Likewise, Microsoft has used NVIDIA GPUs to drive their deep learning training on Azure for several years now. Jason Zander, Microsoft corporate VP for Azure, noted that GPUs form the basis for their natural language translation capability in Skype. “That’s one of the most sophisticated language deep neural nets that’s out there,” says Zander. “It’s really cool. I can talk to someone in English and they can hear it in Chinese. We can’t do that without the power of the cloud and GPUs.”

Microsoft is also likely to pick up the enhanced HGX-1 GPU expansion box for the cloud, which will soon be available with V100 GPUs.  The HGX-1 was co-designed by Microsoft to offer a “hyperscale GPU accelerator chassis for AI.” The original HGX-1, announced in March, came with eight P100 GPUs, which can be expanded to a four-chassis system containing 32 GPUs. When such a system is built with the new V100s, that mini-cluster will deliver 3.8 petaflops of “deep learning” performance.


Source: NVIDIA


Amazon and Microsoft, along with most of the other cloud providers and their users, are employing GPUs for the training of the deep neural networks. But NVIDIA wants to expand on that success with its 150-watt V100 offering. As we wrote last week, this low-power version offers 80 percent of the performance of the full 300-watt V100 part, and is aimed at the inferencing side of deep learning. That means NVIDIA is looking to sell these low-power V100s in hyperscale-sized allotments to the big cloud providers.

NVIDIA has targeted this area before, with its Maxwell M4 and M40 GPUs, and more recently with the Pascal P4 and P40 GPUs. But the new V100 offers much better performance and lower latency, than any of its predecessors.
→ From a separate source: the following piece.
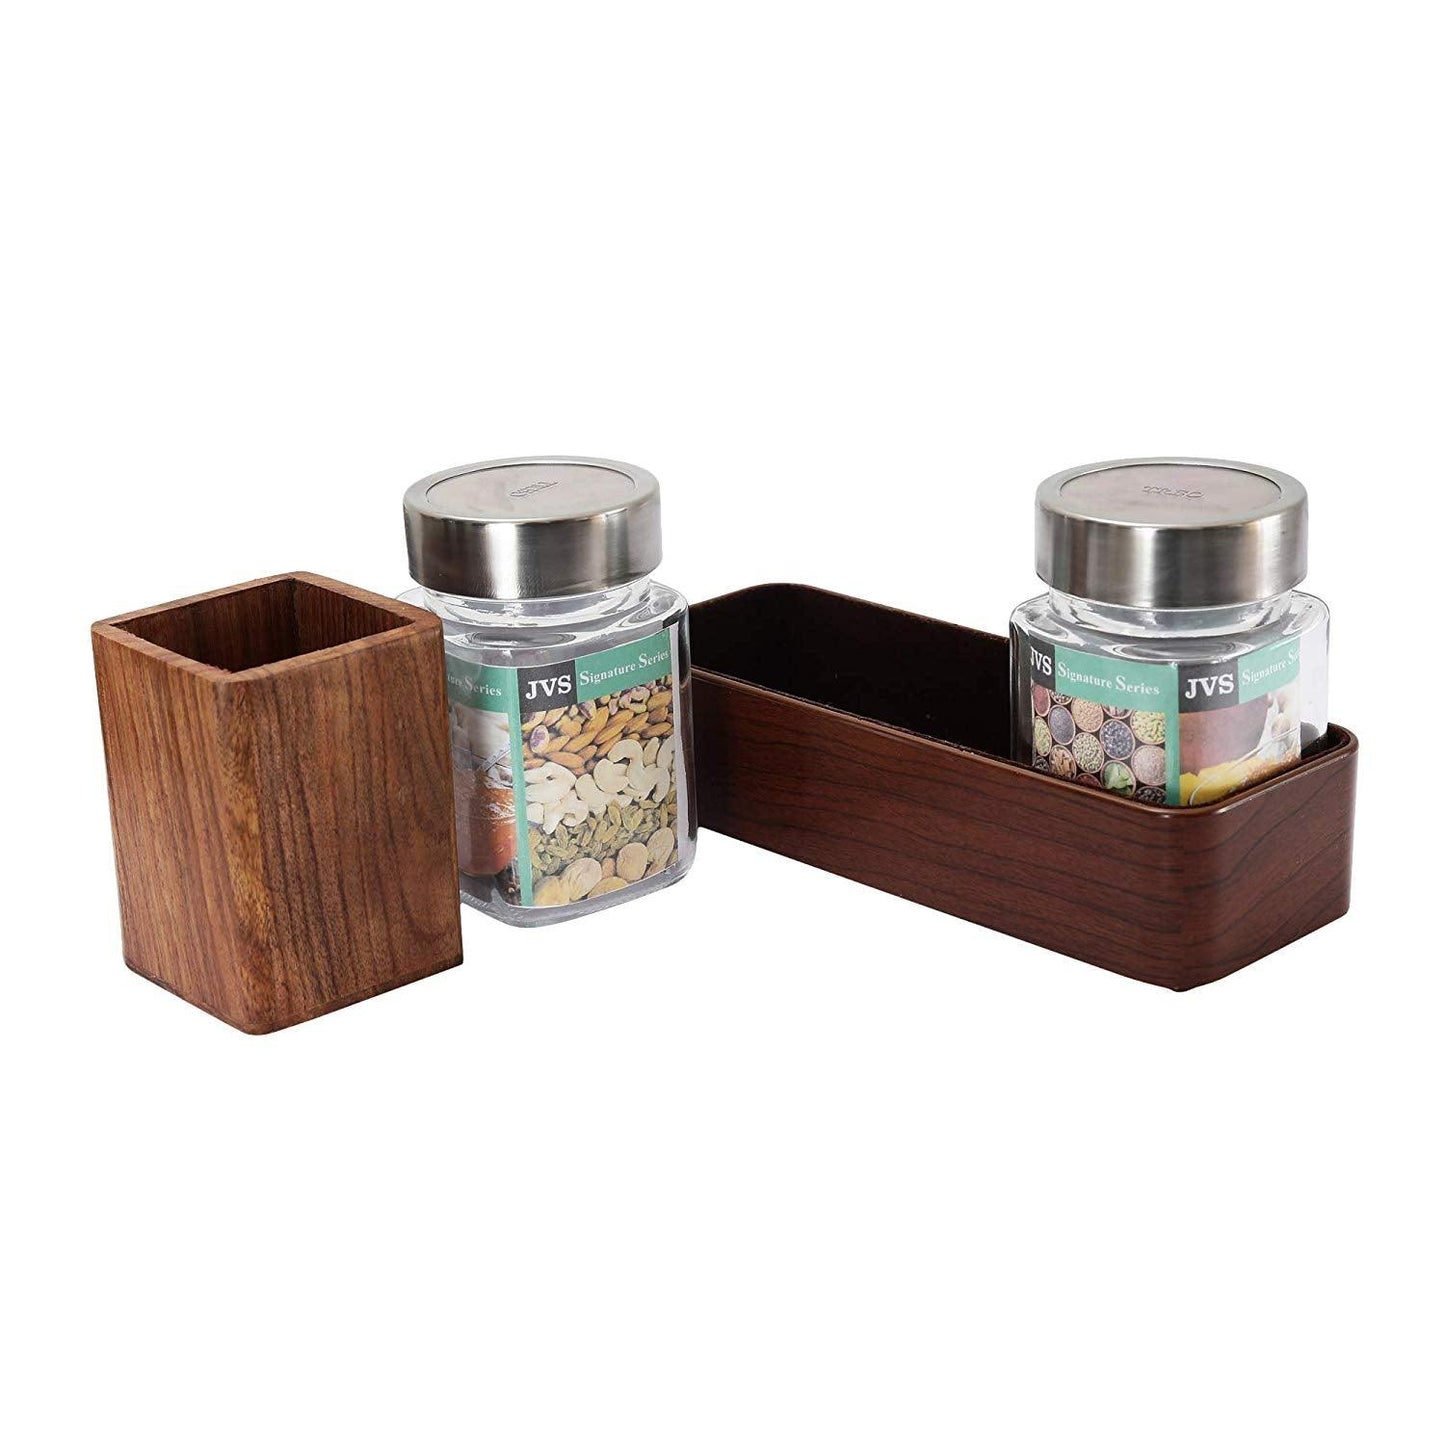 JVS Signature Series 2 Treo Jars (310ml) with 1 Cutlery Holder | Jars & Containers

It also has upgraded the TensorRT library for Volta, which can now compile and optimize a trained neural network for ultra-fast inferencing using the V100’s Tensor Cores.

Although 150 watts is a fairly high power draw for an accelerator aimed at commodity cloud servers, the rationale is that the V100 is able to perform a lot more inferencing throughput per server than competing solutions, thus saving on overall datacenter costs. According to NVIDIA, just 33 nodes of P100-accelerated servers can inference 300 thousand images per second. They estimate that’s about 1/15 as many servers as would be needed by CPU-only machines.

Inferencing, though, is increasingly using more specialized hardware to maximize performance and minimize power usage. Microsoft, for example, is employing FPGAs for this task, while Google has turned to its own custom-built Tensor Processing Unit (TPU). Additional purpose-built solutions from the likes of Graphcore and Intel/Nervana are also in the works. Whether low-power V100s can compete in this environment remains to be seen, but at least for the time being, NVIDIA seems to be wagering that offering more powerful deep learning silicon, which can serve both training and inferencing, will win the day. And given the nearly insatiable demand for both these days, that could be a smart bet.